The objective is to engender and leverage the sector  beyond mere subsistence practices into a full thriving economy, with the engagement and involvement of the youthful and productive population.
The Farm to Future Agro Based Training for Rivers youths by the present administration is notably one of the most pragmatic efforts of the Rivers State Government to engage the prospective creative capital of both the natural and human resources in the agricultural sector for sustainable development.
The concept, premised on the imperative of maximizing the huge agrarian prowess of the state, targets creation of sustainable livelihood for the teeming youth of the state. The project is also intended to achieve the chore needs of food sufficiency and job creation in the state.
This implies a significant deviation from the acculturised norm of expectations of financial benefits as the outcome of government programs and policies.
The tenets of the program are expressly difined in concept and practice as shown in the phases of its execution.
However, some beneficiaries of the project recently staged a protest, allegdging unpaid largesse, diversion of funds and perceived slighting by the Rivers State Ministry of agriculture. The said protest has stirred up concerns among stakeholders about how people view  government policies.
Many see the protest  as an attempt to create tension around the program and sabotage its original objectives.
Stakeholders and commentators are of the view that the Rivers State is in dire need of development in every critical sector, as such the  Ministry of Agriculture and its partners should be given the benefit of the doubt to implement the project to its logical conclusion without being hauled with accusations.
The former Commissioner for Agriculture, Engineer Victor Kii who was at the fore of driving the program has in a press statement debunked the allegations and sued for calm, restraint and understanding. Engineer Kii assured the participants that the empowerment phase will be implemented as soon as administrative normalcy is restored.
He commended the participants for their commitment and discipline during the training and urged them to uphold the norms of the program rather than misrepresenting its intentions.
Some pundits who commented on the recent development decried the fact that many people  still hold on to the notion that  incentives billed to create sustainable impact through skills based programs, should be given out as  largess, without adroit supervision of its utility function. This practice  has however created a culture of economic doldrum, dependency and servitude in the past.
Thus the idea of seen the Rivers Farm to Future project  as a mere quixotic experiment for cash benefits  without achieving set goals is counter productive. Such opportunistic thinking have stunted government efforts  over the years in achieving long term objectives of development.
As disclosed by the former commissioner for Agriculture in his detailed explanation, the Farm to Future project was strategically designed to address this culpable deficit in institutional planning and consolidation of results.
The former commissioner gave an  explicit description of the nexus of operation of the program.
As revealed by him;  ” The program is a strategic intervention to equip young people in Rivers with practical skills and to nurture a new generation of agricultural entrepreneurs. 500 beneficiaries received intensive agri business training in the first phase.”
 He pointed out that the program was conceived and designed in line with global best practices which de emphasizes indiscriminate cash handouts for beneficiaries.

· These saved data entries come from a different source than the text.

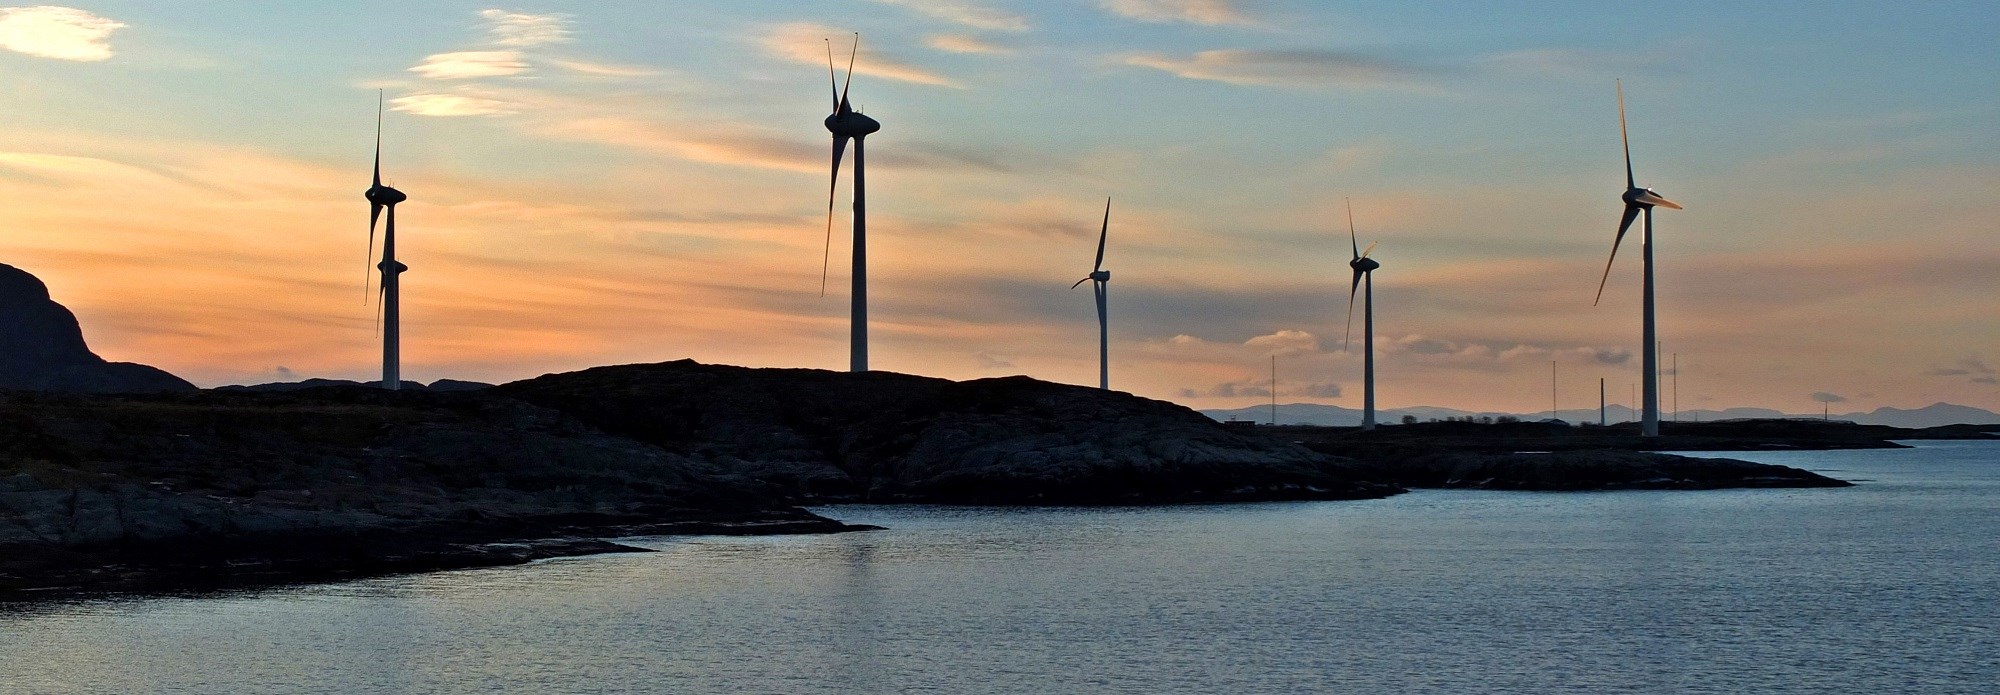 valsneset vindmøllepark, wikimedia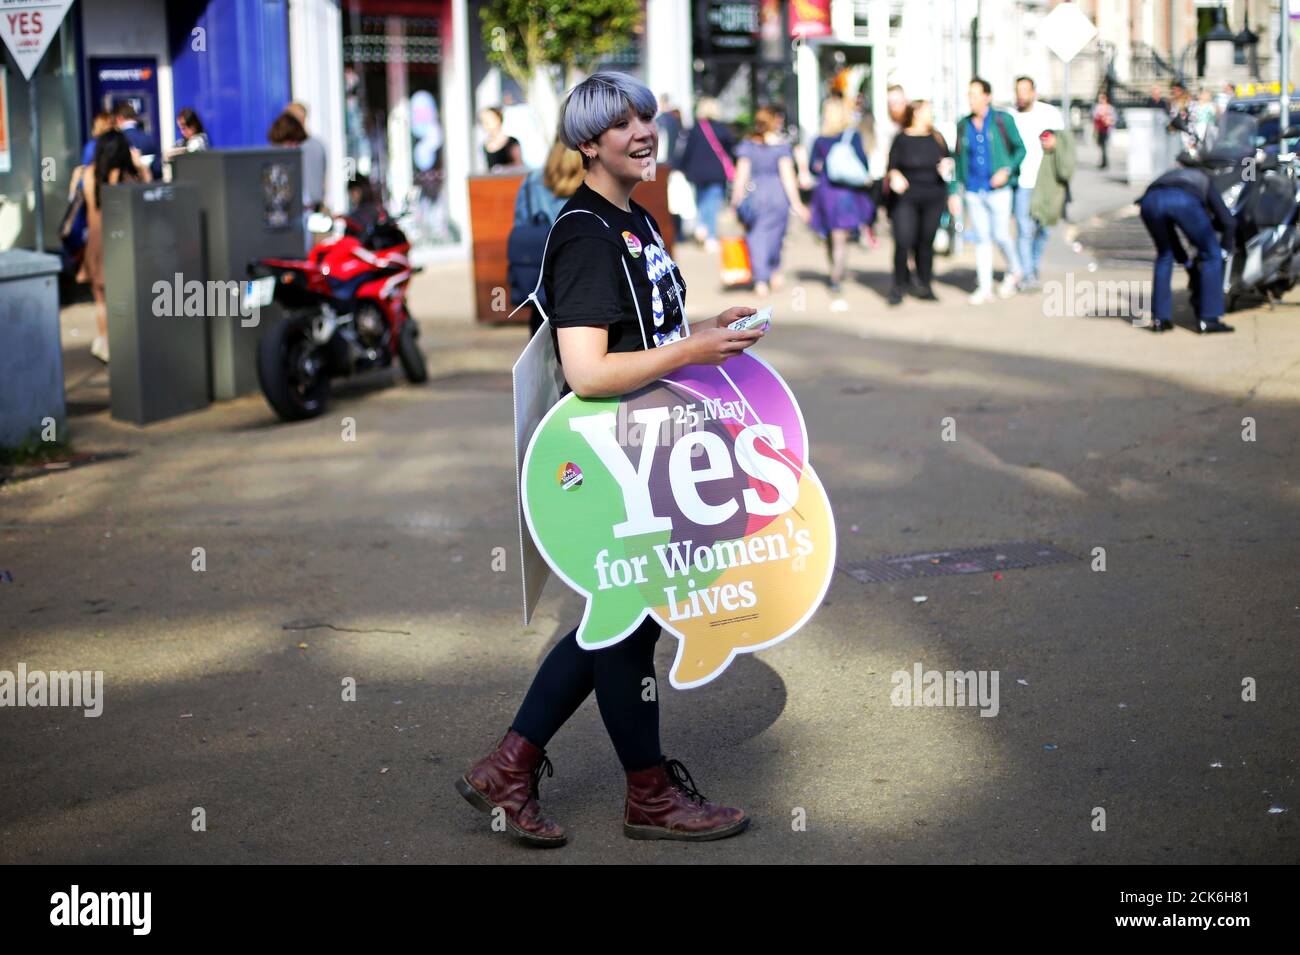 Una mujer lleva un cartel cuando Irlanda celebra un referéndum sobre la liberalización de las leyes de aborto, en Dublín, Irlanda, el 25 de mayo de 2018. REUTERS/Max Rossi Foto de stock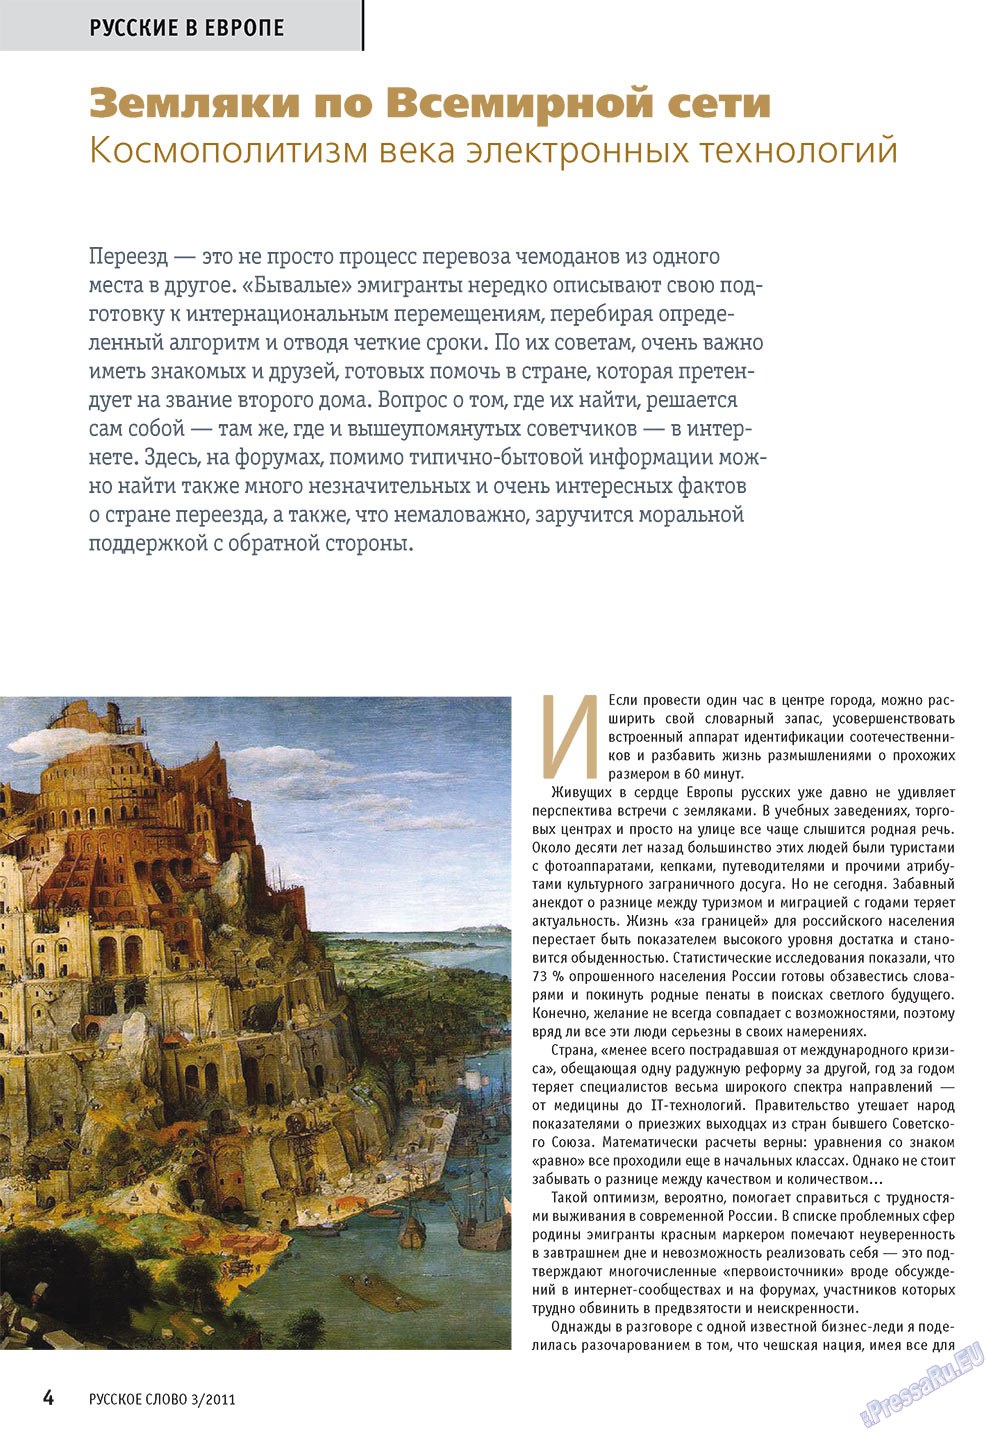 Русское слово, журнал. 2011 №3 стр.6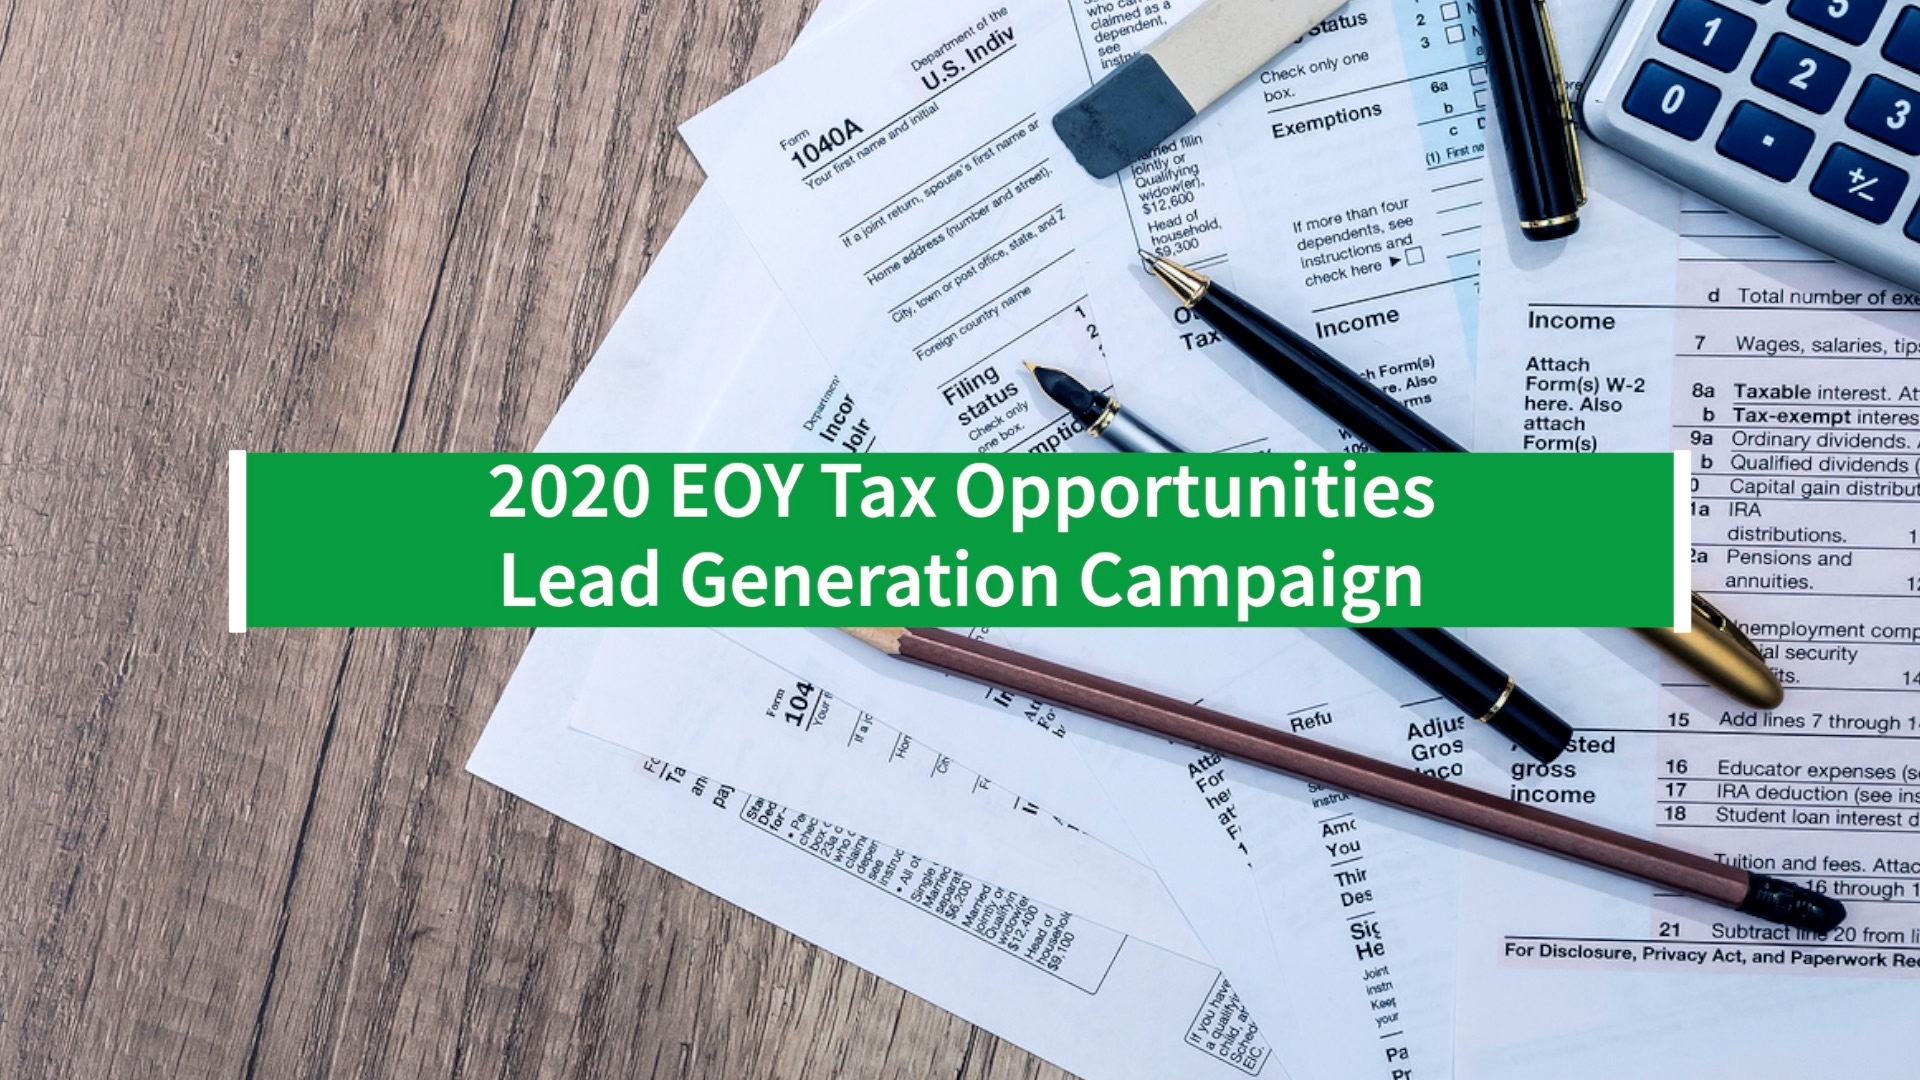 [NEW] Lead Gen Campaign | 2020 EOY Tax Opportunities

Rather it promotes practical engagements in agricultural activities and business initiatives.
At the end of the training in February, beneficiaries were encouraged either individually or in cooperative clusters to identify value chain for establishment of viable businesses.
They were also asked to produce structured business proposals for perusal and review by the ministry of agriculture and appointed consultants, after which successful proposals would be forwarded to the Bank of Agriculture with Rivers State Government providing guarantees.
The strategies for implementation include field inspections and evaluation for beneficiaries who had already commenced practical activities in identified locations.
The approach was to discourage the commonplace ideology of diverting funds meant for specific projects for unrelated purposes, thereby undermining the conscious exploration of creative potentials into long term benefits.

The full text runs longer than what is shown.